As an example of a method of separating (extracting) oxygen from air by the oxygen concentration part 170, a pressure swing adsorption (PSA) method is described based on a principle that nitrogen, which is a strongly adsorbed component, is adsorbed to an adsorbent, and oxygen, which is a relatively weakly adsorbed component, passes through the adsorbent. Meanwhile, compressed air flowing in the oxygen concentration part 170 passes through the first oxygen concentration column 272 and the second oxygen concentration column 274, which are filled with zeolite. When the first oxygen concentration column 272 and the second oxygen concentration column 274 are decompressed, desorption, which is opposite of adsorption, occurs. By the desorption, nitrogen adsorbed by the first oxygen concentration column 272 and the second oxygen concentration column 274 is discharged from the first oxygen concentration column 272 and the second oxygen concentration column 274. Thus, the first oxygen concentration column 272 and the second oxygen concentration column 274 are regenerated. As described above, according to an embodiment, the air pump 232 of the air supply part 130 performs compression (pressurization) by drawing outside air. By contrast, the vacuum pump 276 of the oxygen concentration part 170 is a decompression means for reducing pressure of the dehumidification part 150 or the oxygen concentration part 170. Through the pressure reduction, desorption (regeneration) in the dehumidification part 150 or the oxygen concentration part 170 may be performed.

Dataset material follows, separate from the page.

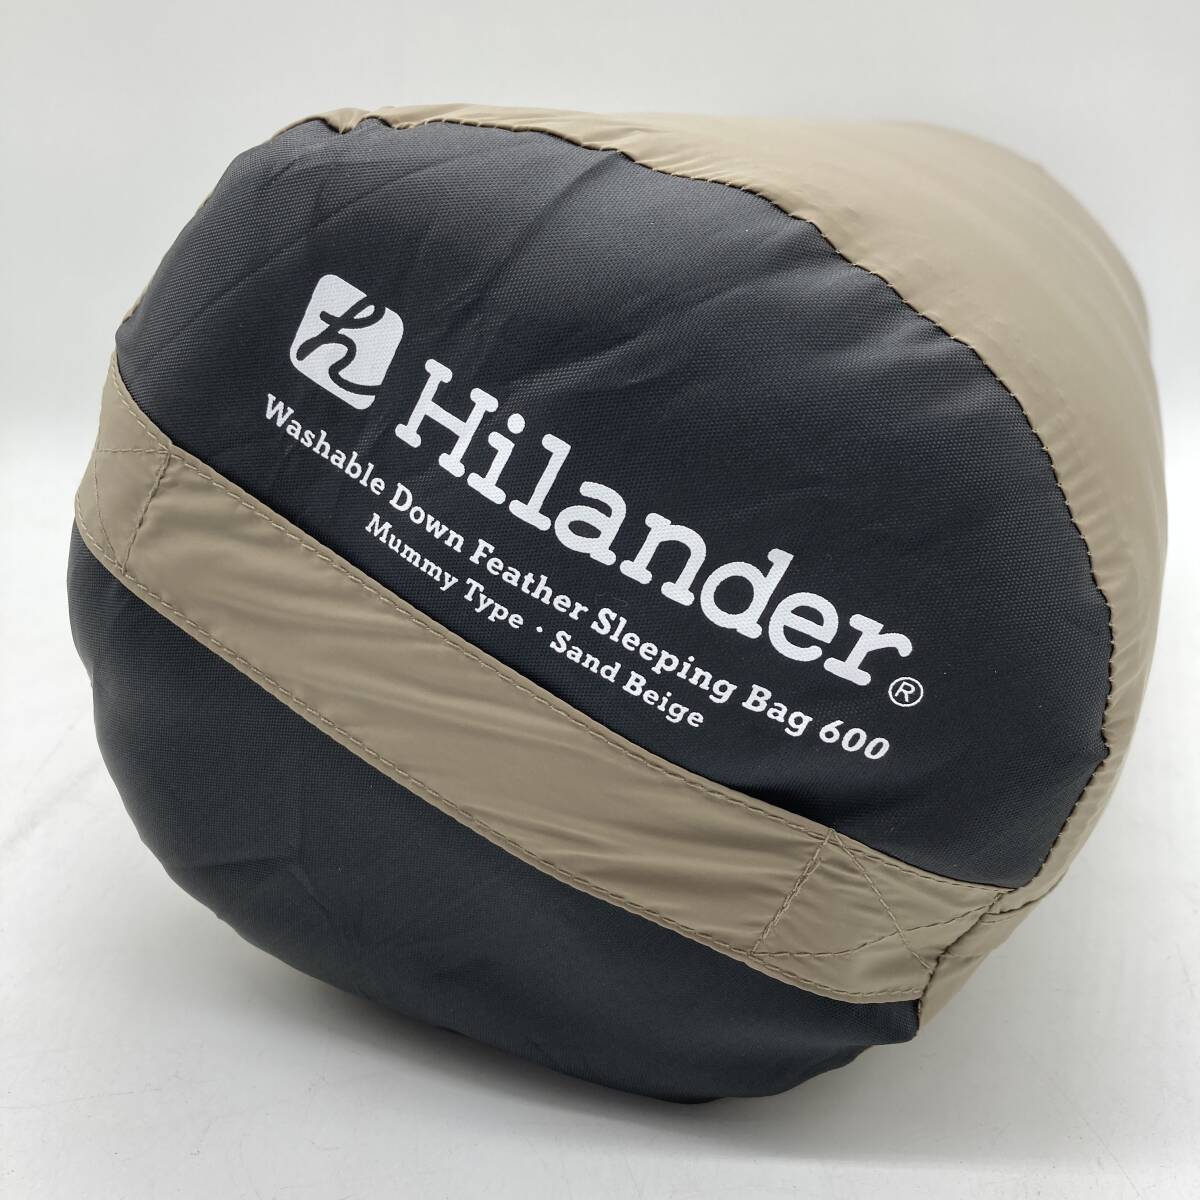 【新品未使用】Hilander(ハイランダー) 洗えるダウンフェザーシュラフ 600 5℃ サンドベージュ N-071 /Y20198-R3の画像3

A solenoid valve (third valve) 260a is provided in an air flow path between the first oxygen concentration column 272 and a discharge port of the first adsorption dehumidification column 252. A flow of air to the first oxygen concentration column 272 from the first adsorption dehumidification column 252 may be controlled according to opening and closing of the solenoid valve (third valve) 260a.

A solenoid valve (fourth valve) 260b is provided in an air flow path between the second oxygen concentration column 274 and a discharge port of the second adsorption dehumidification column 254. A flow of air to the second oxygen concentration column 274 from the second adsorption dehumidification column 254 may be controlled according to opening and closing of the solenoid valve (fourth valve) 260b.

A solenoid valve (fifth valve) 260c is provided in an air flow path between an inlet port of the first oxygen concentration column 272, which is a downstream of the solenoid valve 260a, and an inlet port of the vacuum pump 276. A flow of air from the inlet port of the first oxygen concentration column 272, which is the downstream of the solenoid valve 260a, to the inlet port of the vacuum pump 276 may be controlled according to opening and closing of the solenoid valve (fifth valve) 260c.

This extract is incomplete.